Geval d): Het krediet geniet eveneens van een gewestelijke garantie die een verlies dekt van € 100.000 en een bijkomende garantie van Credendo van € 50.000 (beiden met pari passu clausule). In dit geval wordt het verlies bepaald door eerst alle activa van het bedrijf te liquideren (waaronder de cash, de bedrijfswagen) en het handelspand te verkopen. We gaan ervan uit dat de pari passu kwalificatie van de door het gewest en Credendo verleende waarborgen telkens duidelijk maken dat die waarborgen proportioneel worden herleid als gevolg van het feit dat een deel van het gewaarborgde verlies eveneens kan worden gedekt in het kader van de portefeuillewaarborg van de bank. Dergelijke pari passu regelingen impliceren een pro rata verdeling van de verliezen tussen de verschillende partijen. Met betrekking tot de eerste verliestranche van € 50.000 hebben de door het gewest en Credendo bedongen pari passu clausules als gevolg dat zij elk een verlies van slechts € 16.666,66 vergoeden. Voor de tweede verliestranche van € 50.000 heeft de pari passu clausule in de waarborg van het gewest als gevolg dat het gewest daarvan slechts € 25.000 ten laste neemt.

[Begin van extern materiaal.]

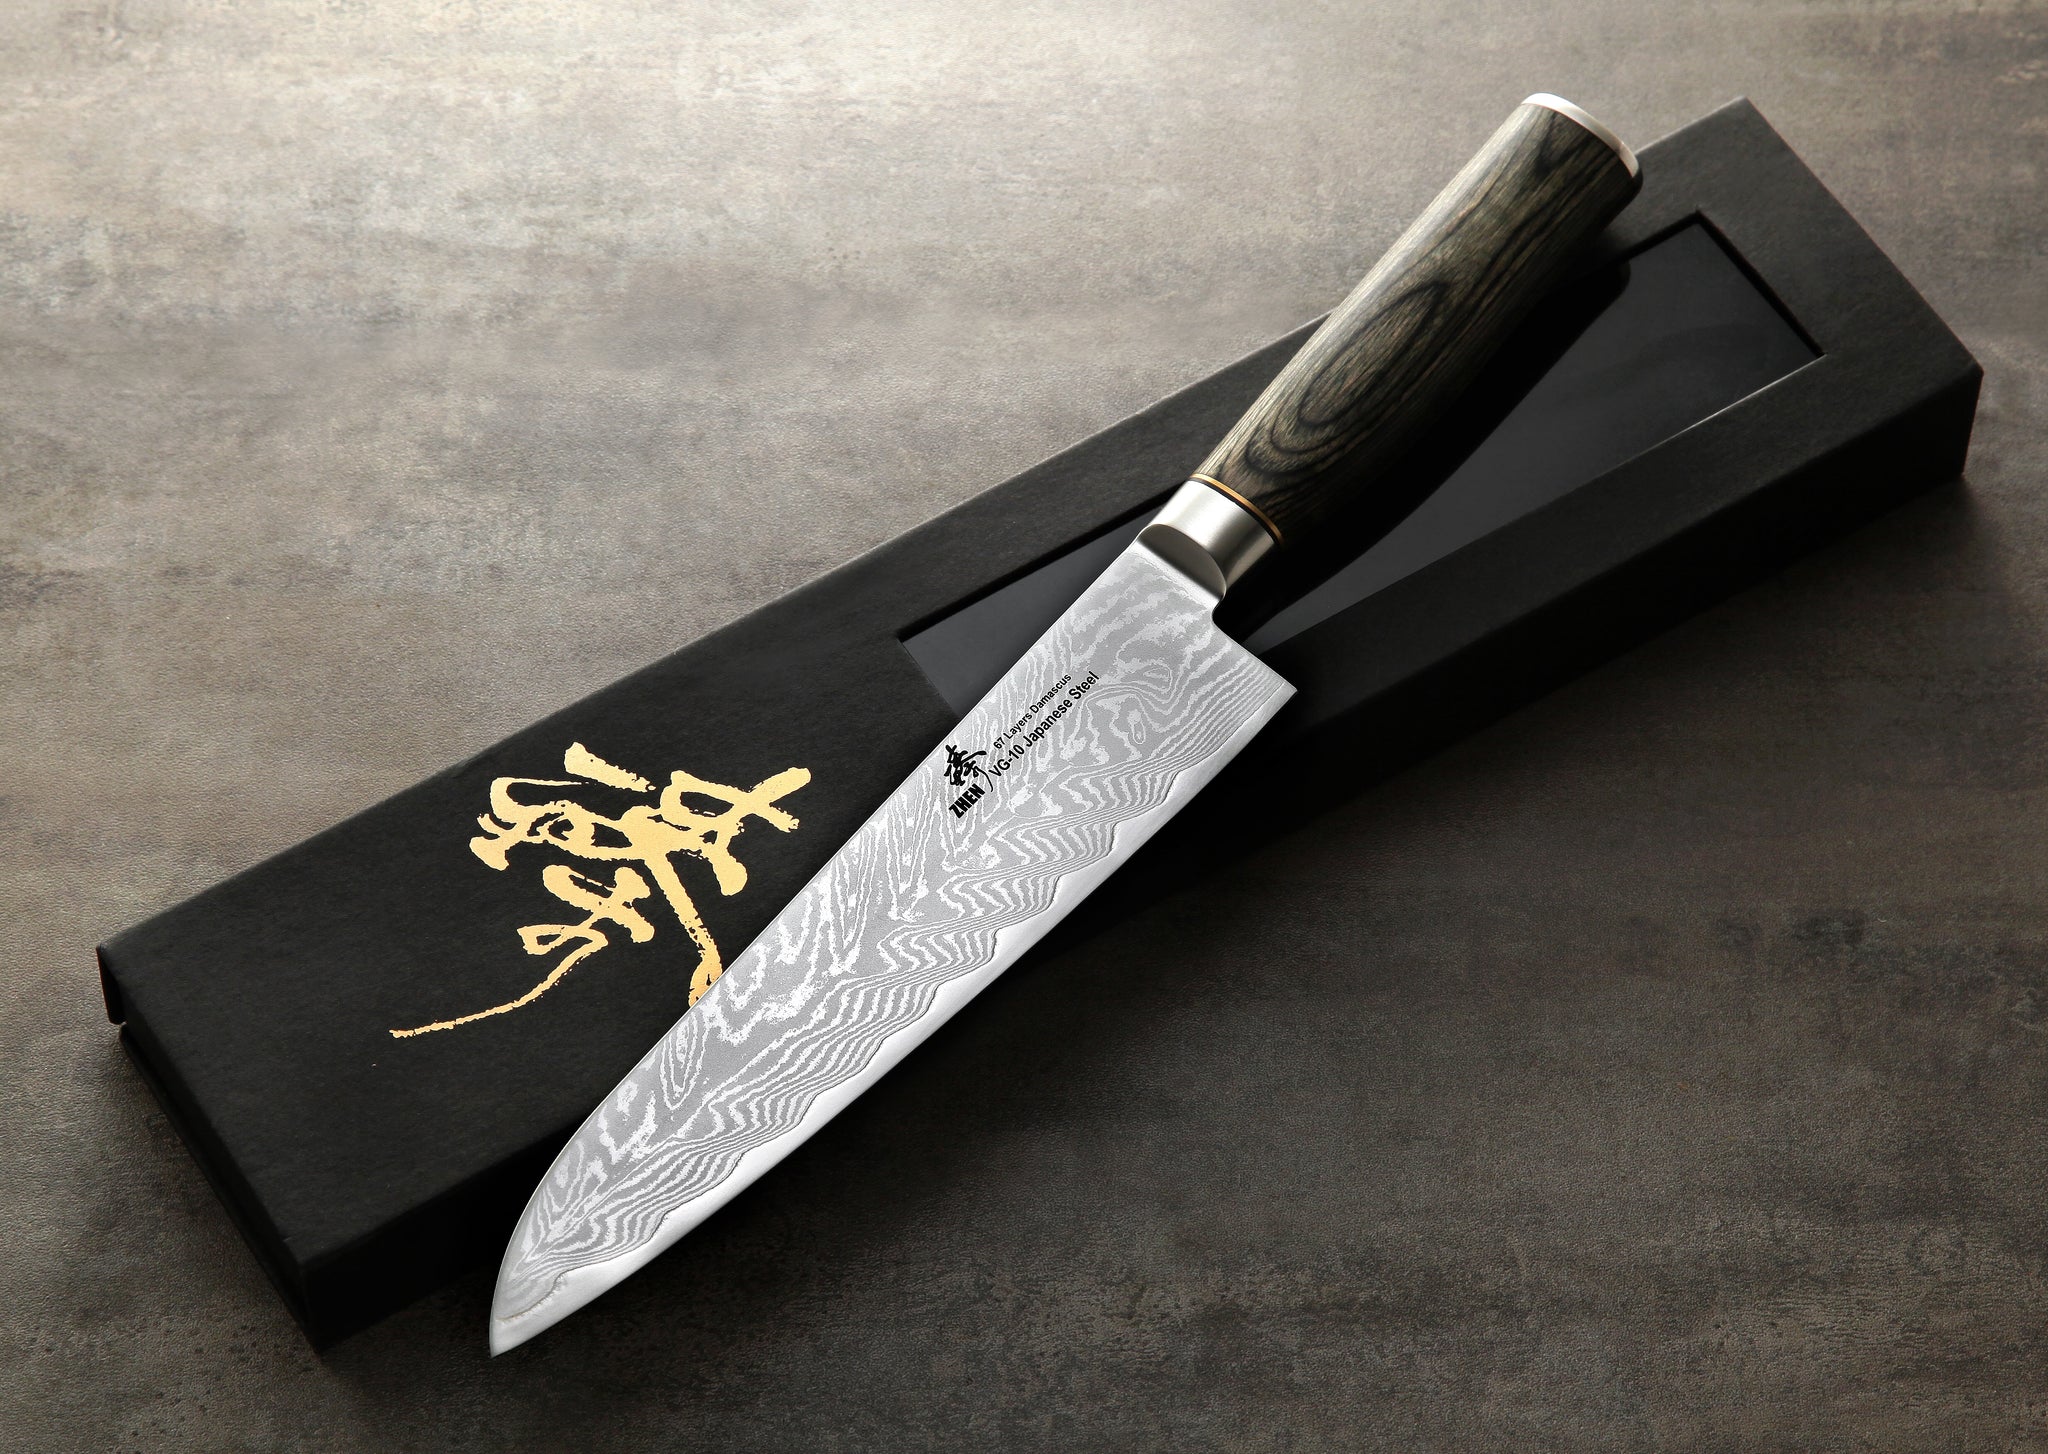 8 Inch Damascus Chef Knife 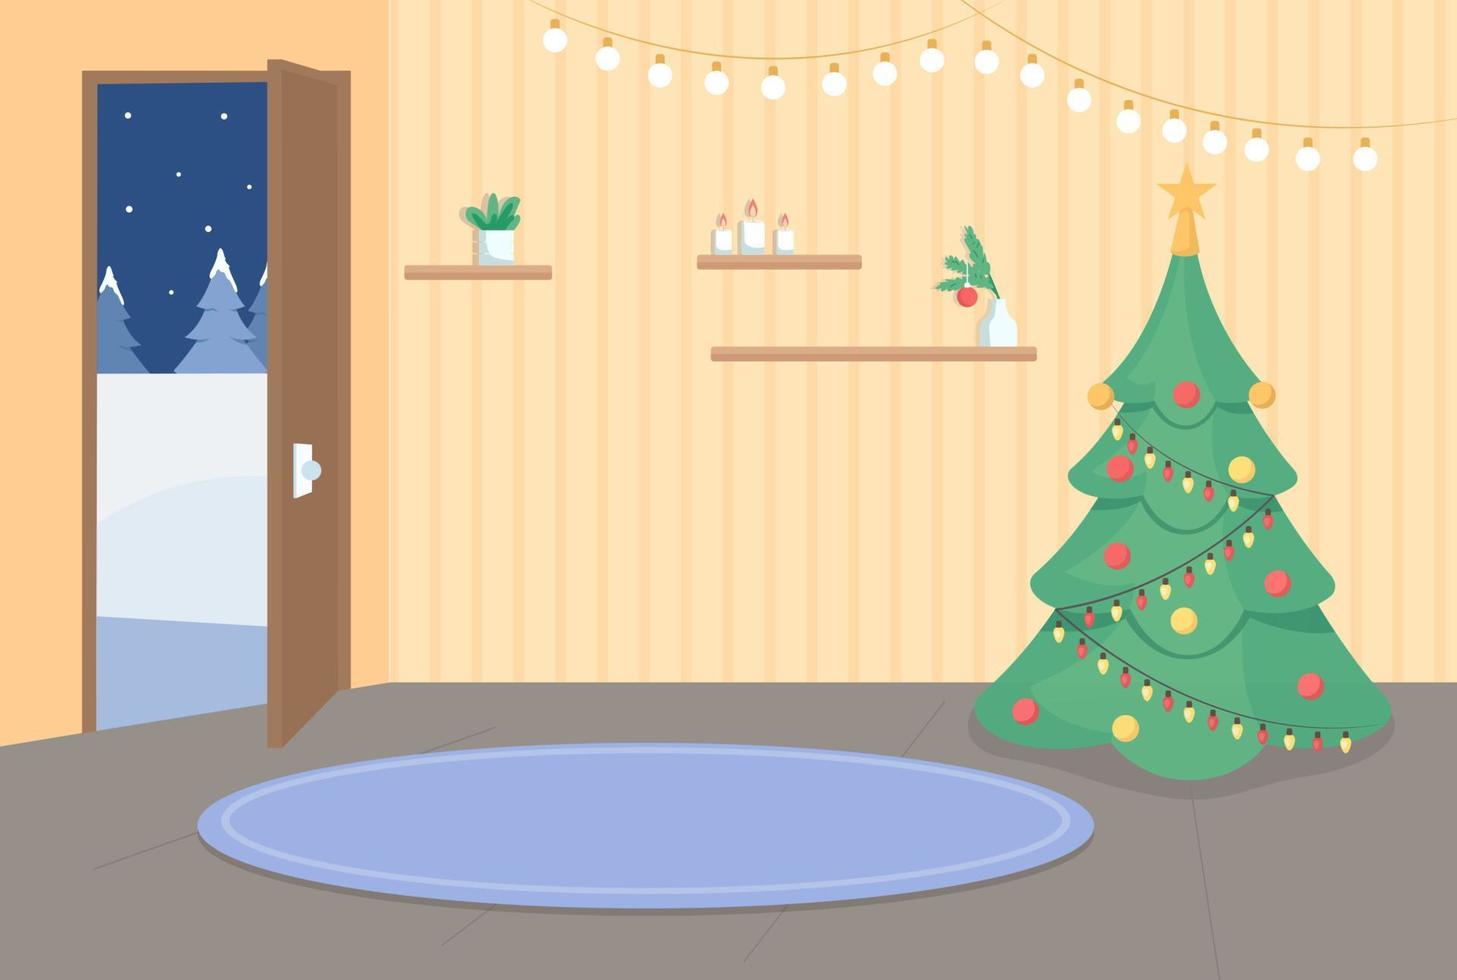 Home entrance on Christmas flat color vector illustration. Xmas tree in corner. Decorated apartment. House hallway 2D cartoon interior with opened door to winter evening on background

Krachtens artikel 12, tweede alinea van de wet wordt het bedrag dat omwille van de pari passu clausules niet gerecupereerd kan worden van het gewest of van Credendo, mee opgenomen in het verlies. De geschatte waarde van wat gerecupereerd kan worden bedraagt dus € 170.000 + 2* €16.666,66 + € 25.000. De rest van het bedrag € 500.000*(1 + 1,5%) - € 170.000 - 2* €16.666,66 - € 25.000= € 279.170 wordt opgenomen in het “verlies” waarmee op basis van artikel 12, eerste alinea van de wet rekening wordt gehouden bij de toepassing van de staatswaarborg op het betreffende krediet.